Oh, sorry, it looks like my original comment for this got lost. No, it's not related for that. It turned out that we just weren't cleaning up initial data for disabled extensions correctly.

I'm not sure what's going on there. It looks like the test is completing properly, but the test harness times out waiting for a child process to exit, or something like that.

(In reply to Gabor Krizsanits [:krizsa :gabor] from comment #39)
> I'm trying to figure out why this test times out. It seems like any xpcshell
> remote test with a content script can fail to unload properly. Seems like
> something goes wrong in the MessageChannel because of the preallocated
> process. This error is the weirdest:
> 
> https://treeherder.mozilla.org/logviewer.
> html#?job_id=87031418&repo=try&lineNumber=11725
> 
> I just don't get how can the |channelId| be undefined and the "No matching
> message response handler for 7-0" is also surprising to me I thought the
> message name should be something more human readable...

This is usually not an error, just a warning that happens when we shut down the extension and kill its response listeners before the response comes in. There's some code in newer builds to silence these warnings in newer versions, but it's not 100% effective.

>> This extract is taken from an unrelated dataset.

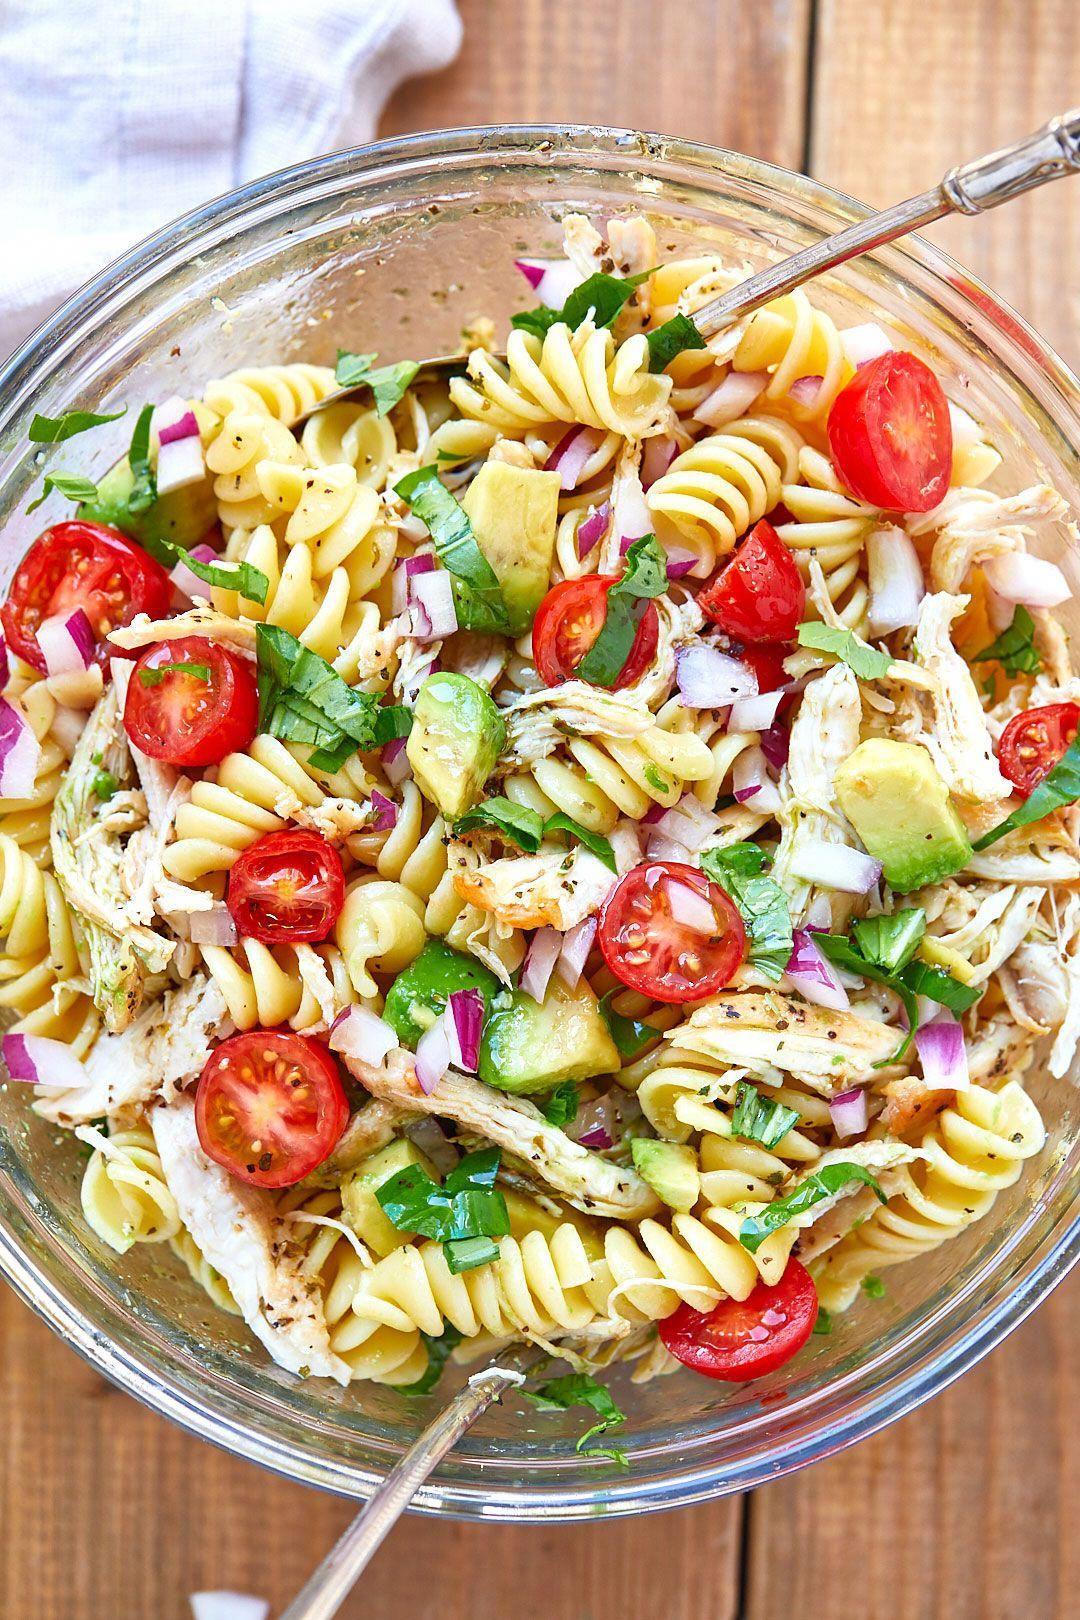 Pork Skewers With Vegetables Healthy Food Mom Recipe Chicken Pasta Salad Recipes Healthy Chicken Pasta Delicious Dinner Recipes

It's harder to have a more human readable error, because at that point we don't have any data about the response, and the contents are opaque. I suppose we could have the child side include the original message name so we could include that in the error.

> In the other case it's hard to tell why do promise for unload never gets
> resolved from the log.
> 
> https://treeherder.mozilla.org/logviewer.
> html#?job_id=87031418&repo=try&lineNumber=11691
> 
> Do you have any hints what can go wrong or where should I start looking? I
> wish I could reproduce this locally then it would be a lot simpler ofc...

Oh, is that's what's happening? In that case it's probably because we broadcast FlushJarCache to all of the child message managers and wait for a response. The preallocated manager may not be listening for the message yet.

http://searchfox.org/mozilla-central/rev/7419b368156a6efa24777b21b0e5706be89a9c2f/toolkit/components/extensions/Extension.jsm#950-956
Flags: needinfo?(kmaglione+bmo)
(In reply to Gabor Krizsanits [:krizsa :gabor] from comment #33)
> This is taking longer than I wanted, so I'm landing the critical bug fix
> part first and try to uplift it ASAP and don't block it by the bigger patch
> that causes a few test failures.

(In reply to Kris Maglione [:kmag] from comment #37)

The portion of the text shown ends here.